If you have lost, say, a boxwood or a yew to constantly wet soil, don't replace it with a boxwood or a yew, or at least not without first raising the bed and adding lots of organic matter. Sometimes the answer is to add drains, often incredibly laborious to install yourself and expensive if others do it. The alternative is to put in plants that like wet soil.

In a wet area of my garden — it seeps after some of the deluges we have had — I have put together a collection of such swamp lovers. I started with a little grove of dawn redwoods, now 30 feet high. These deciduous conifers grow large and rapidly in such a site. The native baldcypress offers a similar effect but grows at half the rate of the redwood.

About 20 feet away, I put in a black gum, another native flood-plain tree. The creeping Jenny grows beneath it, and, downhill a bit, the Siberian irises are gargantuan.

Next to the irises, a patch of peppermint has spread beyond its boundaries. It may have met its match, though, in a new bedfellow, a gunnera related to the giant rhubarb (Gunnera manicata) often seen growing on the side of ornamental ponds in Britain. That perennial, unbelievably, can produce leaves that are six feet or more across. By comparison, my G. tinctoria will have leaves between two and four feet wide, depending on how happy it is.

Meanwhile, the rain has brought about a splendid blooming season for two plants that love moisture. The bigleaf hydrangeas are coming into flower. The lacecaps, in particular, are so elegant and lovely. The Southern magnolia has been in bloom for a couple of weeks. I have two whose waxy blossoms fill the air with the scent of lemon. Peering into this ivory chalice you see the true flower, a tower whose pistils form a magical repeated pattern, like minute tilework. Even the faded blossoms this year seem prettier, not a deathly brown so much as a glowing tan.

Tips for this rainy gardening season

The long, moist and relatively cool spring has been good for gardens, but there are some disadvantages to a wet year.

– You may see increased foliar diseases on plants. Preventive fungicidal sprays will help against black spot on roses or septoria leaf spot on black-eyed Susans. It's not practical to spray large shade trees with leaf spots; just make sure to remove and bag leaves when they drop. Look for anthracnose disease on dogwoods and prune out affected leaves and branches. Remove all suckers or water sprouts on trunks and branches.

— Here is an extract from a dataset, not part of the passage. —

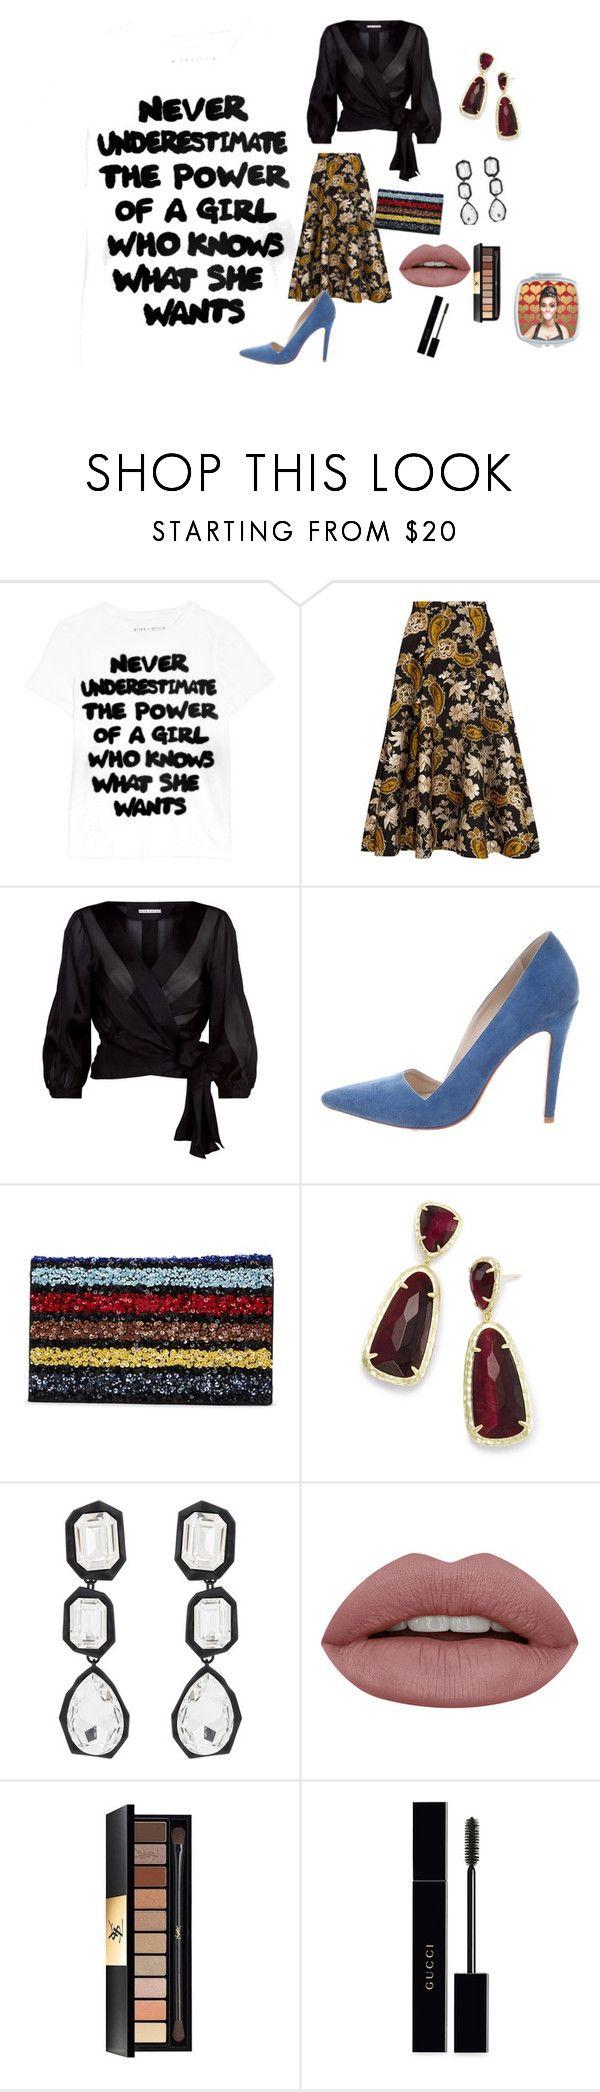 """ALICE+OLIVIA"" by rosastreet on Polyvore featuring moda, Alice + Olivia, Kendra Scott, AMBUSH, Yves Saint Laurent e Gucci"

Frank Gouin, a retired professor of horticulture at the University of Maryland, points out that heavy rain on bare soil will pulverize the top quarter-inch of earth and destroy its desirable structure. The resulting crust will prevent some nutrients and moisture from reaching into the ground. If your soil has crusted, break it up a bit and add a one- or two-inch layer of organic mulch.

– In the vegetable garden, seeds that failed to sprout have probably rotted. Cultivate the soil and try again with beans, cucumbers, and winter and summer squash.